Operational Considerations
Schema evolution: Source schemas change. A field is added, renamed, or removed. Your transformation layer needs a policy for each case:
- New fields: pass through, drop, or fail?
- Renamed fields: use a compatibility alias or fail immediately?
- Removed fields: substitute a default or fail?
Define your policy before you need it. Schema registries (Confluent Schema Registry, AWS Glue Schema Registry) enforce compatibility rules and prevent incompatible schema changes from breaking downstream pipelines.
Testing transformations: Treat transformation logic as code. Unit test transformation functions, run integration tests with representative data samples, and include edge cases - nulls, empty strings, maximum values, Unicode characters.
Monitoring transform output: After a transformation runs, monitor its output distribution. Sudden changes in null rates, unexpected value distributions, or cardinality shifts often indicate a bug in the transformation logic or a change in the upstream data. For guidance on building a full monitoring framework, see Data Quality in Streaming Pipelines.
Summary
Stream data transformation is not a single feature - it is a set of composable patterns that together shape raw data into trusted, useful information.

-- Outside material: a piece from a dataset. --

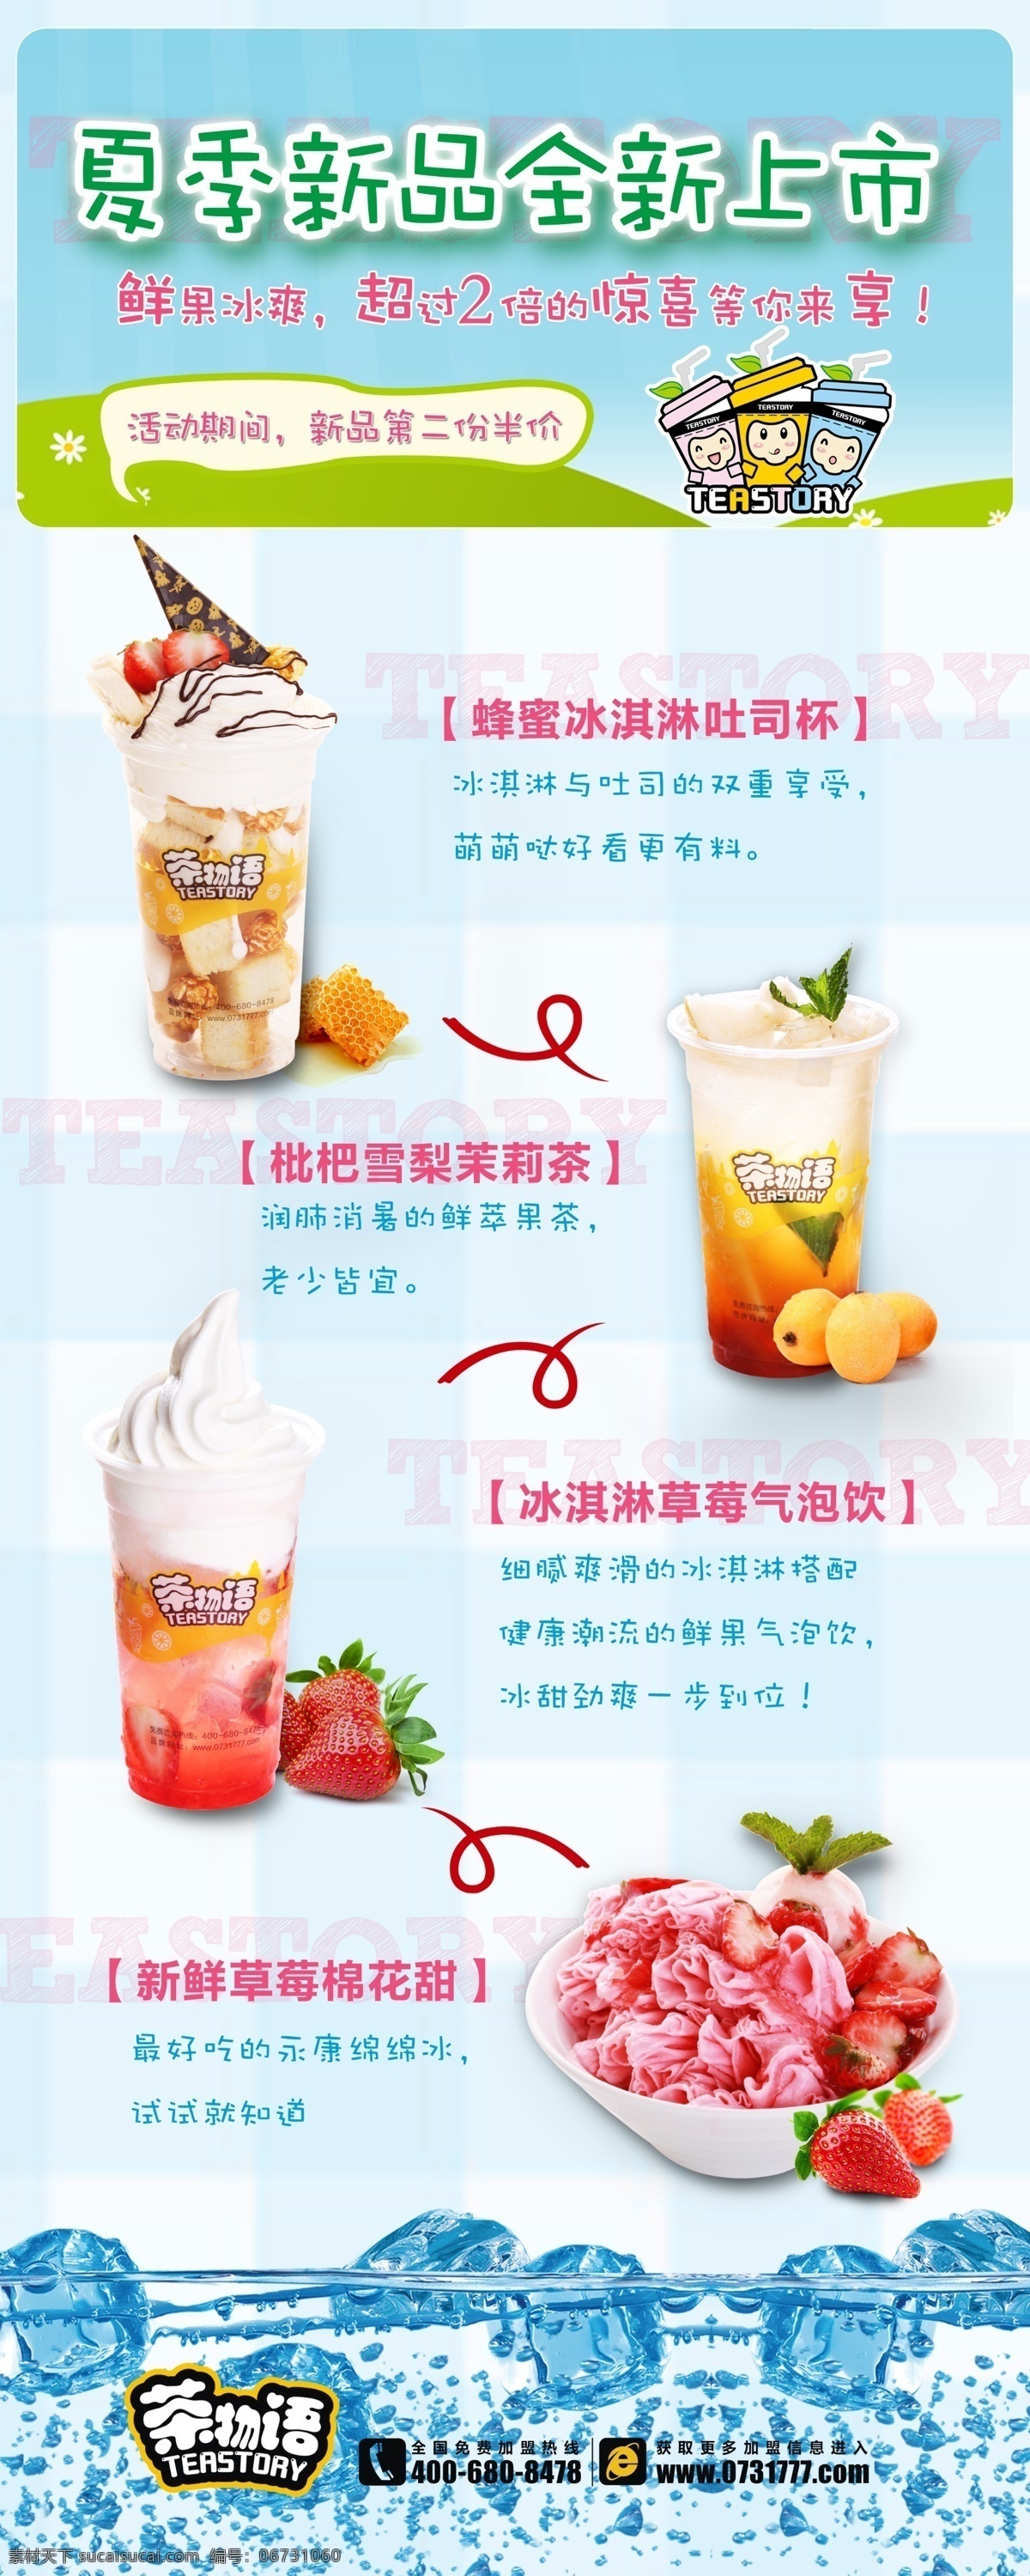 冰淇淋展架 饮品店铺 冰块 饮品灯箱 冰淇淋海报 素材源文件 饮品海报类 tif源文件

The key decisions are:
- Where to transform: source, pipeline, or destination
- What pattern applies: filter, map, enrich, mask, flatten, deduplicate
- Which tool to use: SMT for simple stateless logic, Flink SQL for complex stateful operations, a no-code layer for rapid iteration
Getting transformation right at the pipeline layer pays compound dividends: cleaner data in every downstream system, less repeated logic, faster query performance, and tighter compliance posture - all without modifying source systems or burdening destination teams.